At the 2012 US Olympic trials, Vessey finished eighth in 2:03.44.

On December 21, 2012 Vessey accepted a public warning and loss of results for testing positive for canrenone. She admitted to taking a prescribed skincare product, but was not aware that it contained a diuretic.

Maggie rejoined Coach Greg Brock in 2014 and subsequently ran the three fastest 400m times of her career including a 52.82 clocking at the 2014 Occidental Invite. Benoit Duboscq serves as her strength coach. In May 2015 Vessey ran the second leg of the 4x800m US National Team which won the gold medal at the IAAF World Championships in the Bahamas and set a pending USA national record. It was the world's fastest time in this event for more than 20 years. Her split was 2:00.92. She also has individual 800m victories in 2015 at the Palo Alto Stanford Invitational, the Hoka One One Occidental Invite, and the Prefontaine Classic National 800m. Maggie tripped on someone's leg in the 800 meters final with 250 meters to go and finished 8th at 2015 USA Outdoor Track and Field Championships. She finished 7th in 800 m prelims 2016 United States Olympic Trials (track and field).

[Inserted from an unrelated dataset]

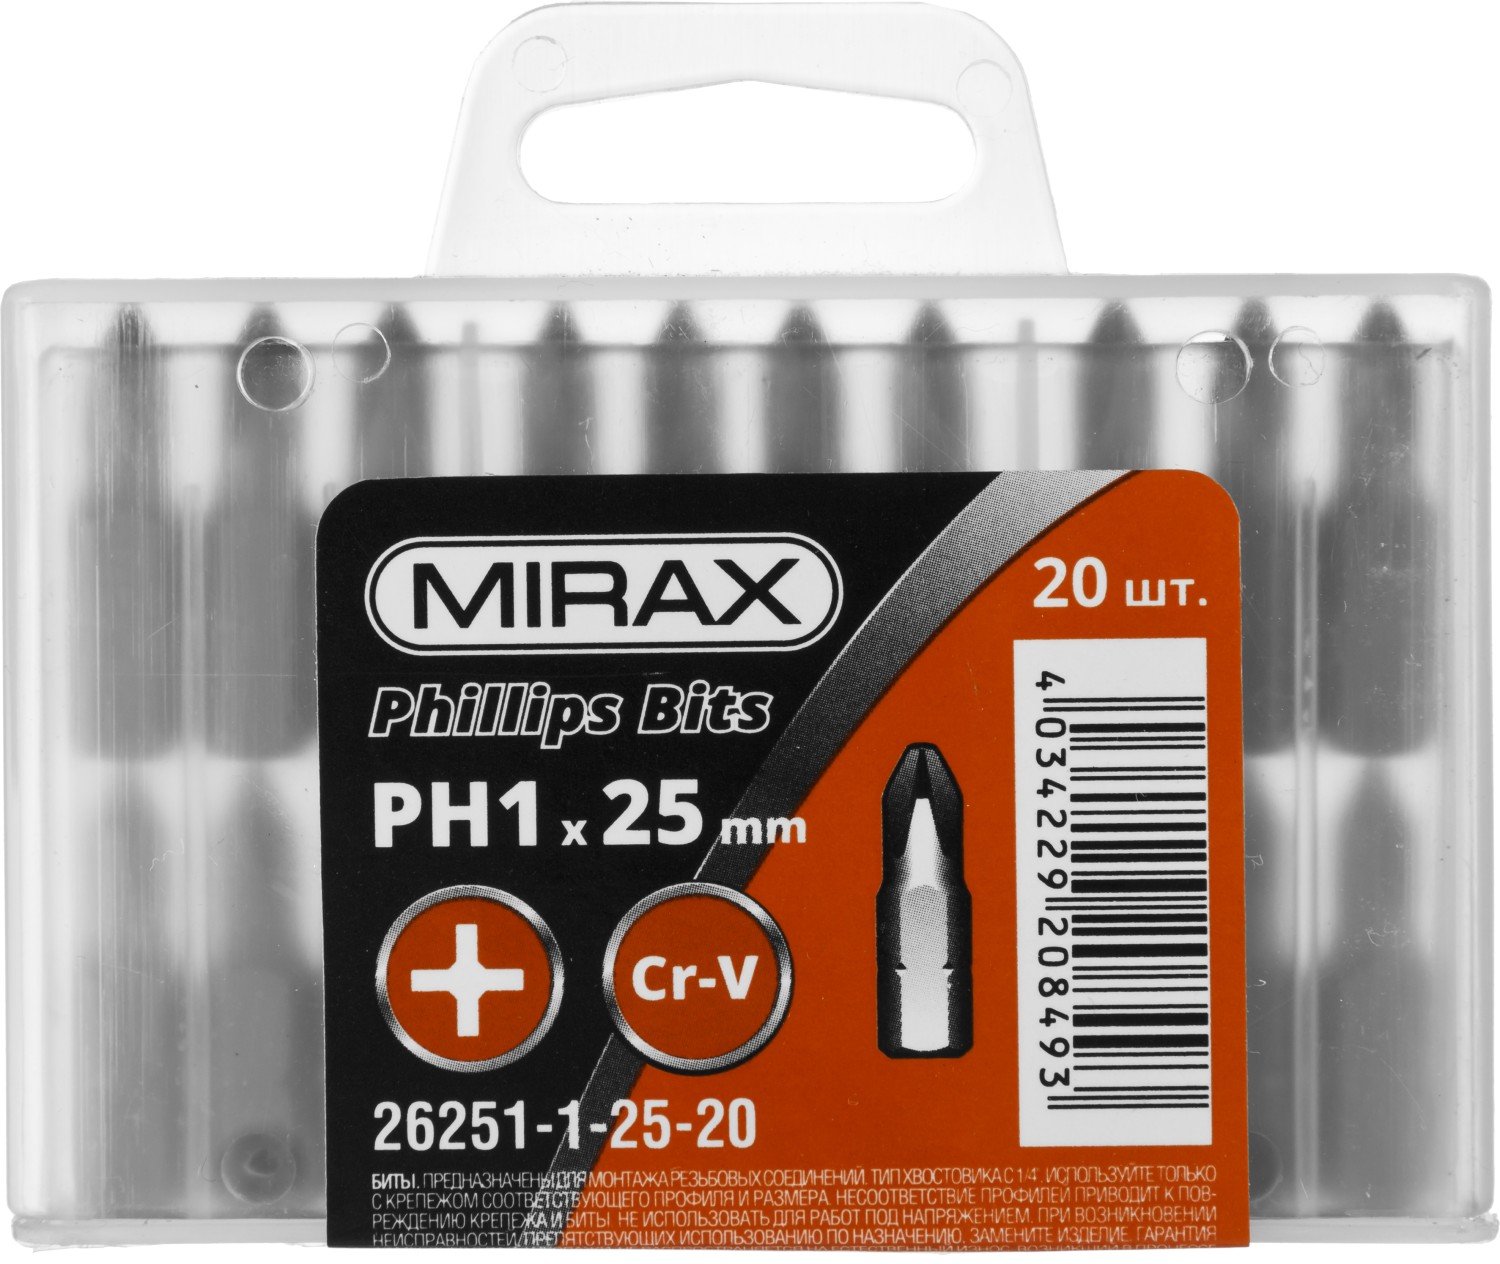   MIRAX PH1 25  20 . (26251-1-25-20)

On October 4, 2019 Maggie was inducted into the Cal Poly Athletics Hall of Fame.

==Personal life==
In 2013, Vessey started a fashion line for track competition. Vessey currently resides in Park City, Utah. Vessey married Dean Kretschmar in Utah on 7/7/2017.
She serves as assistant track coach at Park City High School and as a Global Real Estate Advisor at Engel & Volkers in Park City, Utah.